Although the overall microbiota composition of advanced CA cases was significantly different from controls in the global analysis, we observed only one differentially abundant OTU (from genus Peptoniphilus, q < 0.10) between advanced CA cases and controls (Fig. 2; Additional file 1: Table S7); this is likely an issue of low power as the sample size of advanced CA cases was small (n = 22). However, both non-advanced and advanced CA cases exhibited similar directions of fold change in OTU normalized abundance from controls (Fig. 2), indicating similarity between the two groups. At broader taxonomic classification levels, advanced CA cases exhibited greater normalized abundance than controls of genera Actinomyces, Corynebacterium, Peptoniphilus, Porphyromonas, and Haemophilus and lower normalized abundance than controls of genera Lachnospira, Lachnobacterium, and unclassified genera from Mogibacteriaceae, Christensenellaceae, and RF39 (Additional file 1: Table S7). Non-advanced CA cases, making up the majority of all CA cases, exhibited similar differentially abundant taxa from controls as in the all CA case analysis.
Taxa associated with hyperplastic polyps and SSAs
We identified few differentially abundant taxa between HP cases or SSA cases and controls (q < 0.10). HP cases had increased normalized abundance of Lactobacillus zeae and decreased normalized abundance of an unidentified OTU in family Lachnospiraceae (Fig. 2; Additional file 1: Table S4). HP cases also had decreased normalized abundance of class Gammaproteobacteria, order Enterobacteriales, and genus Coprobacillus and increased normalized abundance of genus Anaerostipes, compared to controls (Table 2; Additional file 1: Table S5). SSA cases had decreased normalized abundance of class Erysipelotrichi (Table 2); however, no other taxa (phylum-genus levels or OTU level) were identified as differentially abundant (q < 0.10) between SSA cases and controls.

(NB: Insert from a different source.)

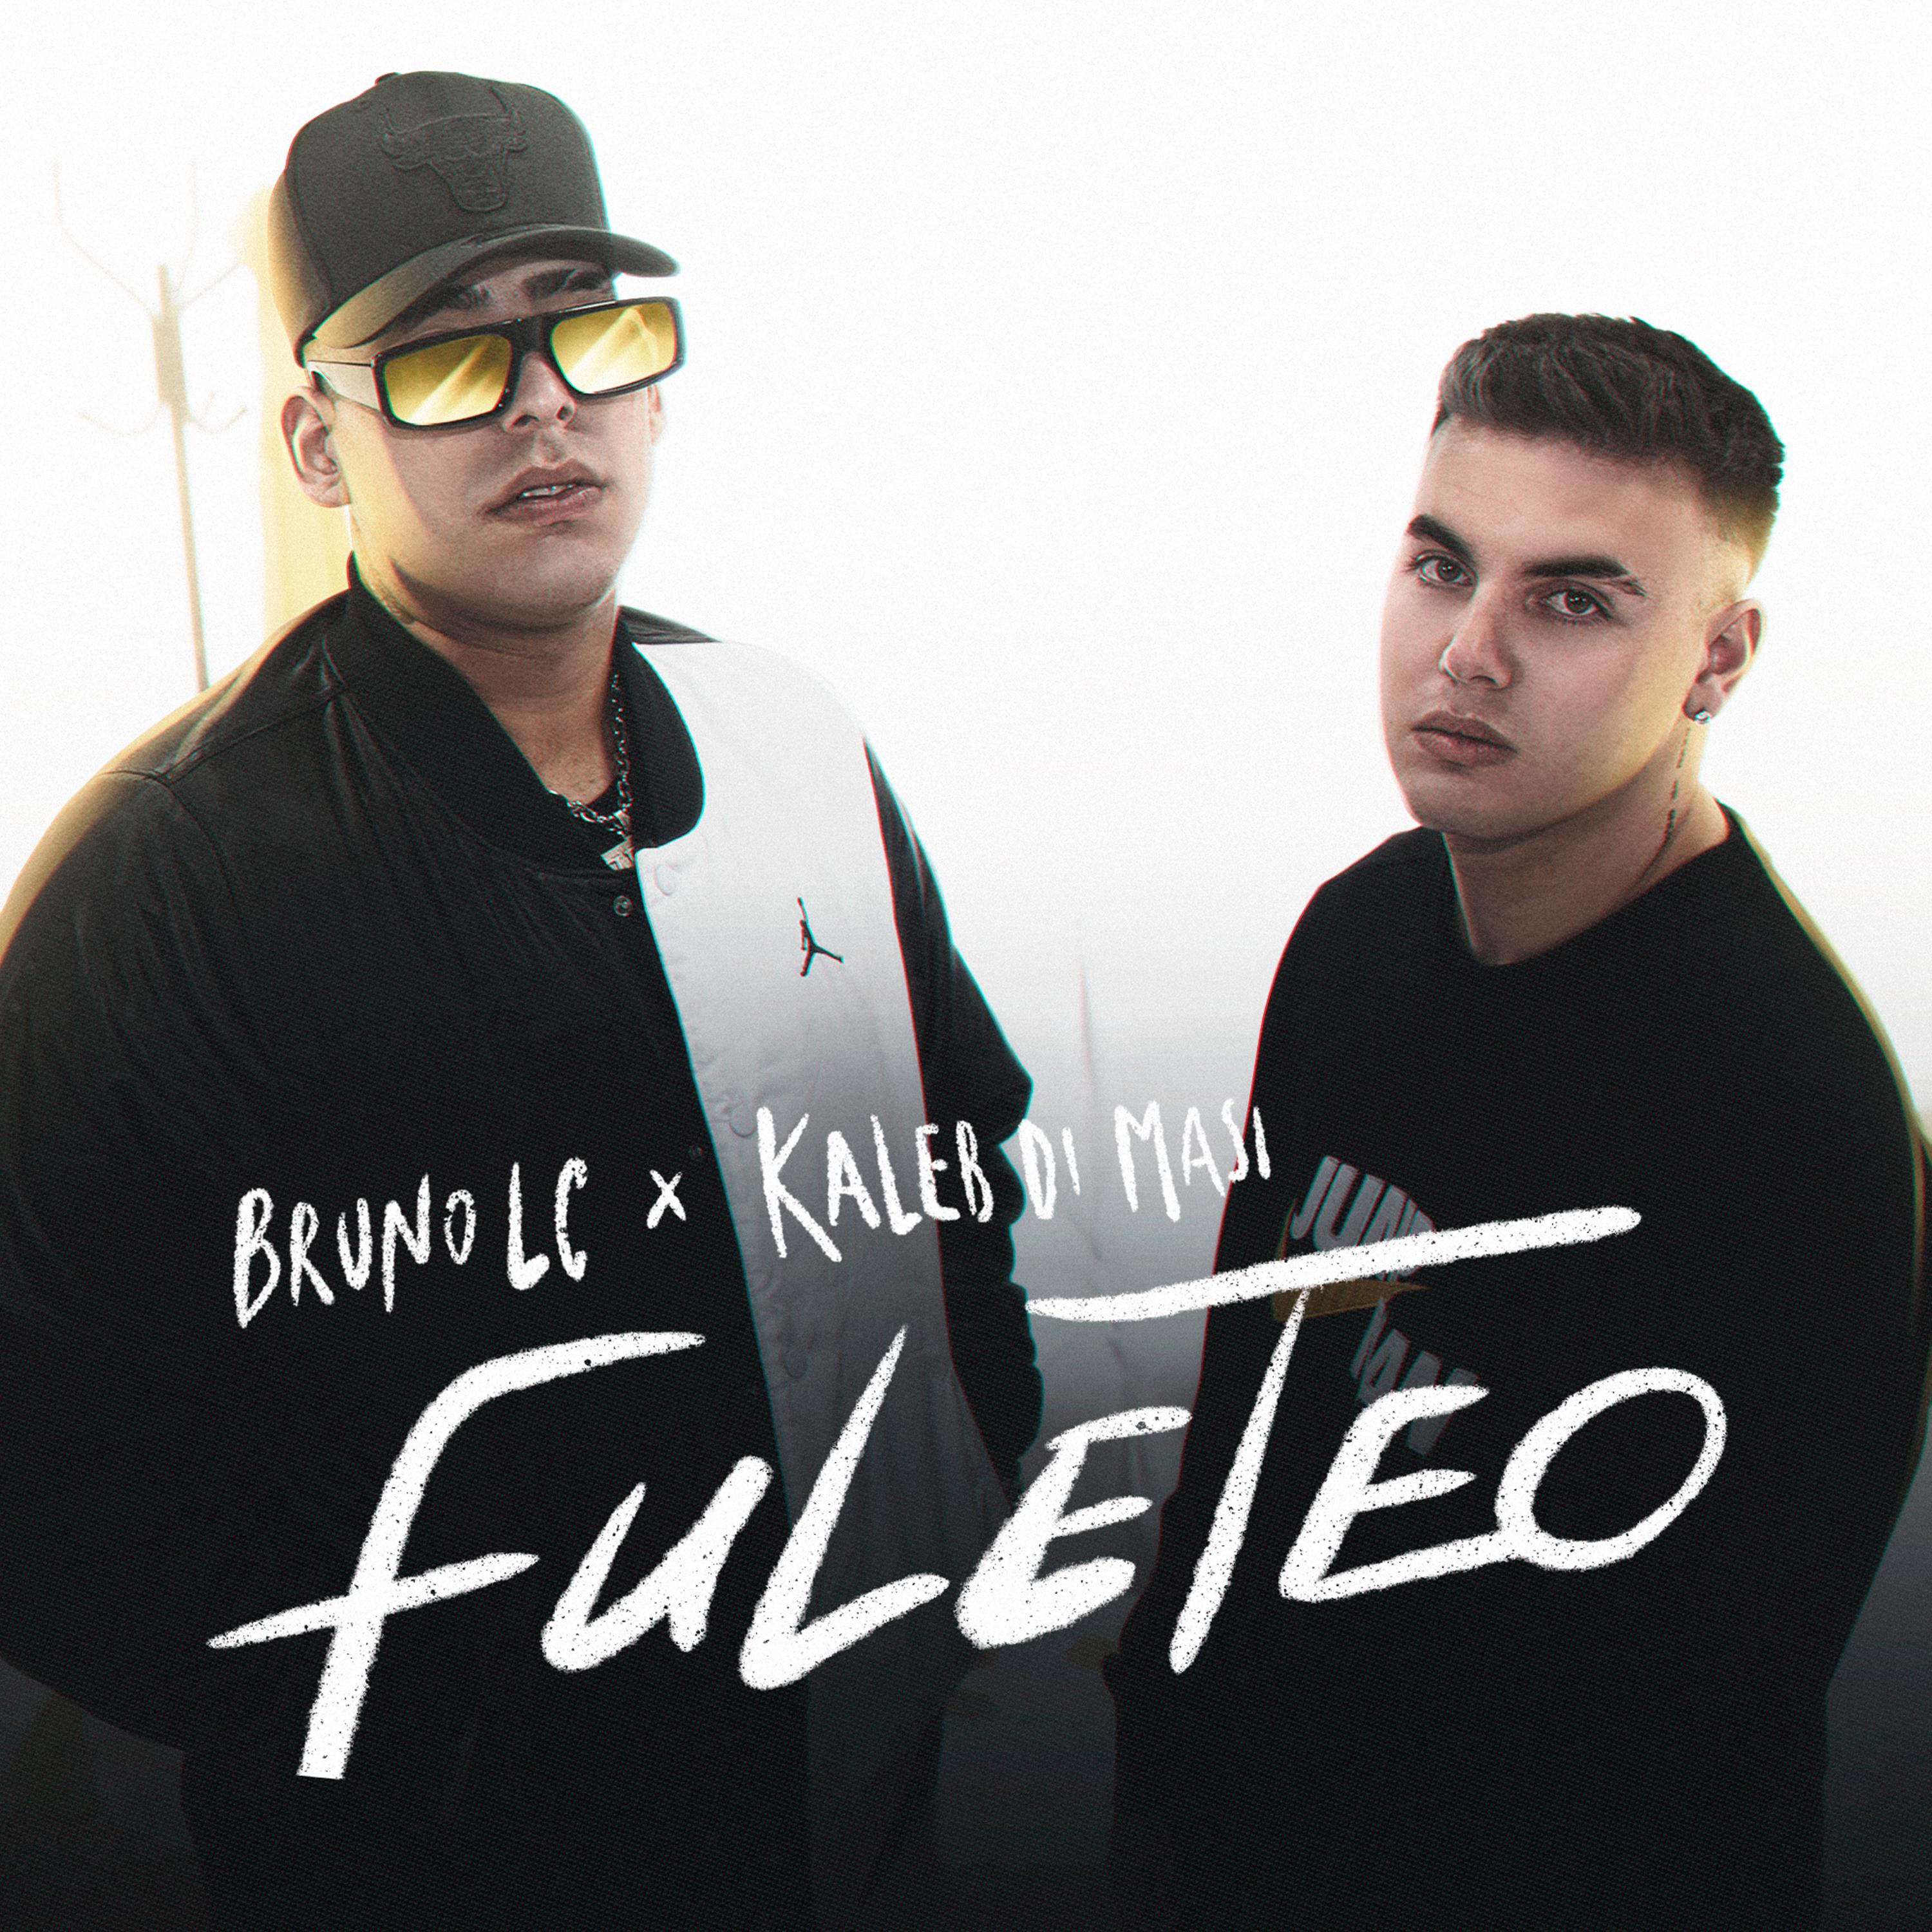 Bruno LC - Fuleteo

We conducted our main analysis excluding participants (n = 5) who collected their stool sample <2 weeks after their colonoscopy, in order to ensure results were not biased by effects of colon preparation and colonoscopy on the microbiota (Additional file 1: Table S8). We also conducted our main analysis excluding participants who had taken antibiotics within 30 days prior to sample collection (n = 19 from the NYU study), in order to ensure results were not biased by effects of antibiotics on the microbiota (antibiotic usage information was not available in the CDC study) (Additional file 1: Table S9). Excluding these participants groups did not substantially impact findings.
In this large study of colonoscopy-screened adults, we found that CA-associated changes in gut microbiota diversity and composition in relation to controls depended on the severity and location of the adenoma. More specifically, advanced CA cases had the greatest reduction in community diversity compared to controls, while distal or advanced CA cases differed significantly in microbiota composition from controls. Such differences were not observed for subjects with hyperplastic polyps or SSAs. Our results indicate that gut bacteria may play distinct roles in the development of site-specific histologically different polyp types. To our knowledge, this is the first study to simultaneously consider different polyp histologies and locations and the largest study of the gut microbiota and colorectal polyps to date.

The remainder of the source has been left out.